Mobility

At Oshkosh Corporation, we’re leaders in helping people move safely and efficiently. Our boundary-pushing innovations change the way vehicles handle unpredictable landscapes, from dense urban environments to daunting deserts and even the lunar surface.

A boundless commitment to mobility

Our innovative technologies aren’t limited to just one industry or vehicle—our products are built to help users tackle a wide variety of environments and industries. We’re always seeking opportunities to apply mobility breakthroughs in as many places as possible across our connected portfolio, amplifying the impact of each innovation for our customers. By applying these technologies to vehicles like fire trucks, military trucks, JLG lifts, concrete mixers and refuse collection trucks, among others, we’re ensuring product versatility and efficiency, while providing operator comfort and safety.

Innovating suspensions

Oshkosh engineers have been leveraging decades of experience to design and deliver suspension systems that help protect our end users and overcome the world’s harshest terrains while maintaining high speeds needed to complete their mission as quickly and efficiently as possible. By listening to our customers and their desire for better ride quality and comfort, Oshkosh started experimenting with different suspension systems. Our Oshkosh® TAK-4® family of independent suspension systems have proven to deliver world-class ride quality and mobility. As our customer’s environments and challenges evolve, we continue to respond—with innovative and technologically advanced products that meet their needs today and tomorrow.

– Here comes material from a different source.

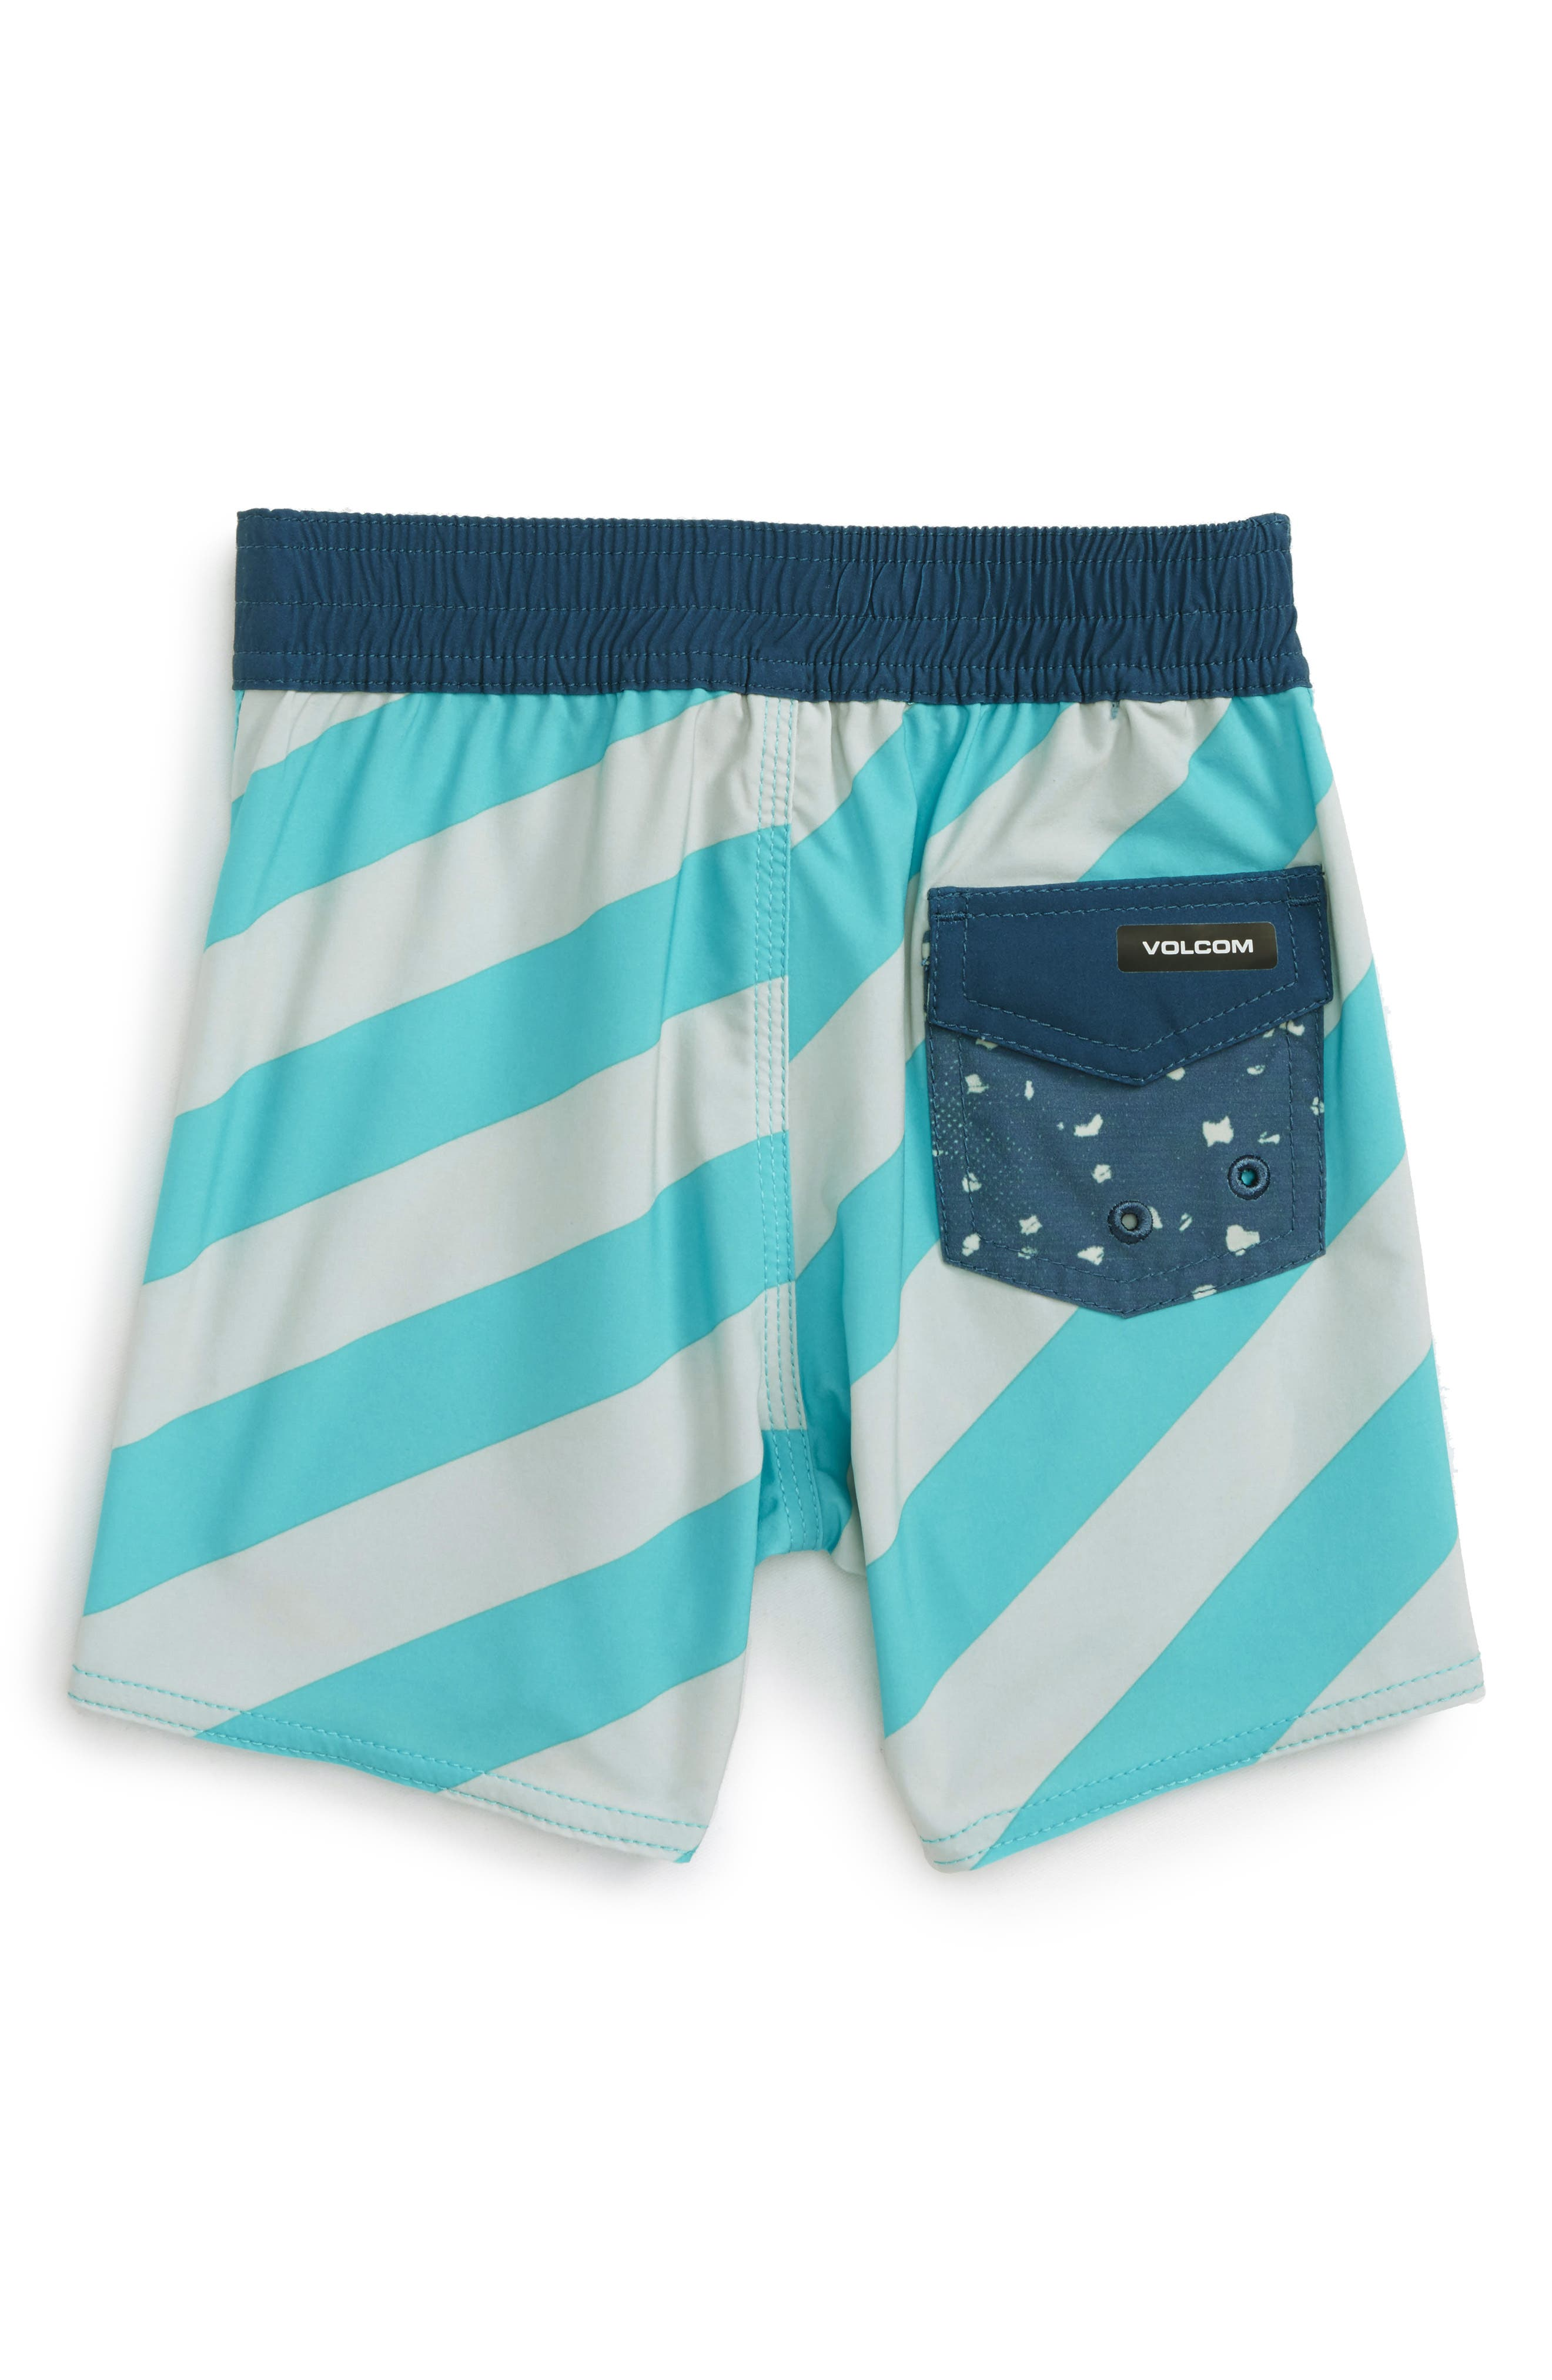 Stripey Jammer Board Shorts,                             Alternate thumbnail 2, color,                             440

Groundbreaking suspension systems

The people who rely on our vehicles need to be able to go anywhere at any time. As part of our ongoing purpose to ensure the everyday heroes are ready for anything, we're constantly exploring new ways to advance our suspension systems. Our ever-evolving technology leverages the latest and greatest in materials and mechanical engineering, allowing for flexibility and higher speed travel across challenging terrain.

 

Oshkosh Defense Joint Light Tactical Vehicle (JLTV)

Challenge impossibility

Our engineers are always looking for ways to improve our technology.

The TAK-4iTM intelligent independent suspension system is a great example of taking our mobility technology to the next level.

Demonstrating next level mobility

While designing the Oshkosh Defense Joint Light Tactical Vehicle (JLTV), our engineers saw an opportunity to advance the suspension system to deliver better ride quality and improve off-road performance by using a high-pressure gas strut and spring system versus a traditional solid axle spring. This new gas spring suspension system allows for up to 70% faster off-road travel than other vehicles in the industry and a more comfortable ride. The new TAK-4i suspension system is a substantial leap in technology. It met, and in some instances exceeded, all mobility and ride quality requirements set forth by the U.S. Government.

Setting our sights to the moon

For more than a century, we’ve built vehicles to help people traverse Earth’s most challenging terrain. Now, we’re reaching for a new frontier: the moon. Our history of applying advanced mobility technologies to vehicles operating in extreme conditions makes us the right people for the job. We’re participating in opportunities to support NASA’s return to the moon and we’re prepared to help mankind navigate and explore the lunar landscape.

Supporting Life on the moon

As NASA sets it sights on sustained human exploration of the moon, one big challenge is access to water. NASA launched its Break the Ice Lunar Challenge to solve this problem and our Oshkosh engineers jumped at the chance to apply innovation in extreme mobility and system integration, and to do what they do best, challenge the impossible. In Phase I of the challenge, our team developed concepts for a core drilling system to extract the moon’s icy regolith, a lunar rover that leverages our mobility expertise to deliver the cores of regolith to the processing plant and a projectile transport system that takes advantage of the moon’s reduced gravity to catapult ice to the delivery site.